A map of Minnesota area codes.

Area code 952 is the telephone area code in the North American Numbering Plan (NANP) for the southwestern suburbs of Minneapolis-St. Paul in the U.S. state of Minnesota. The numbering plan area (NPA) includes cities such as Bloomington, Eden Prairie, Edina and Minnetonka. It was created in 2000 along with area code 763 (northwest suburbs) when they were carved out of area code 612, which now only contains Minneapolis and a few inner-ring locales.

The area code splits in the Twin Cities are unusual because they split along municipal lines, rather than central office boundaries. This led to numerous exchanges being divided between two area codes. One central office, the Penn Avenue office in Minneapolis, had its geographical territory divided into area code 612 for portions in Minneapolis; 763 for portions in Golden Valley; and 952 for portions in St. Louis Park. Competitive local exchange carriers serving large portions of the metro area also ended up serving three area codes with the same prefixes.

952 is bordered on the north and northeast by 763 and 612 respectively, on the east by area code 651, and by area code 507 to the south. This area is in the Central Time Zone.

Despite the Twin Cities' rapid growth, 952 is nowhere near exhaustion. The April 2026 NANPA projections predict an exhaust date of 2374.

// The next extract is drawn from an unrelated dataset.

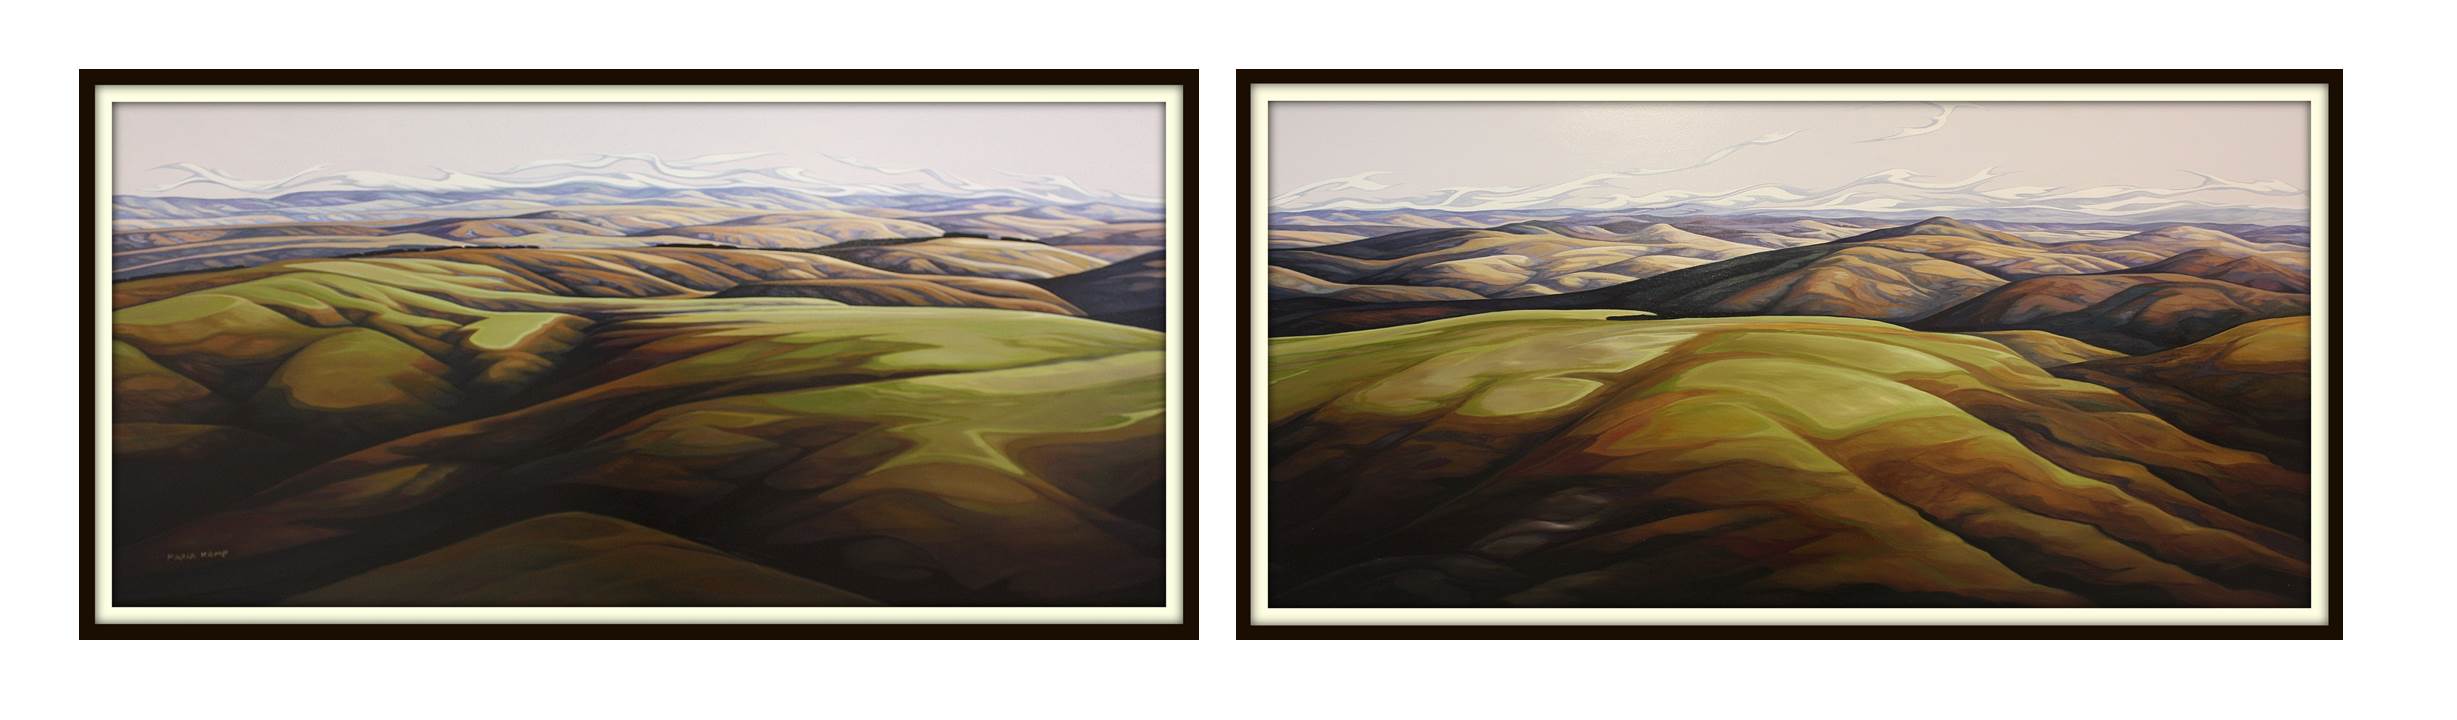 Maria Kemp, "Rugged Farmlands", Oil on Board, Archival Framed, 1320 x 720mm each, Diptych, 2019

Even with the split into four area codes, most of the Twin Cities region is still a single rate center. The four Twin Cities area codes comprise one of the largest local calling areas in the United States; with a few exceptions, no long-distance charges are applied from one part of the Twin Cities to another. Portions of area codes 320 and 507 are local calls from the Twin Cities as well.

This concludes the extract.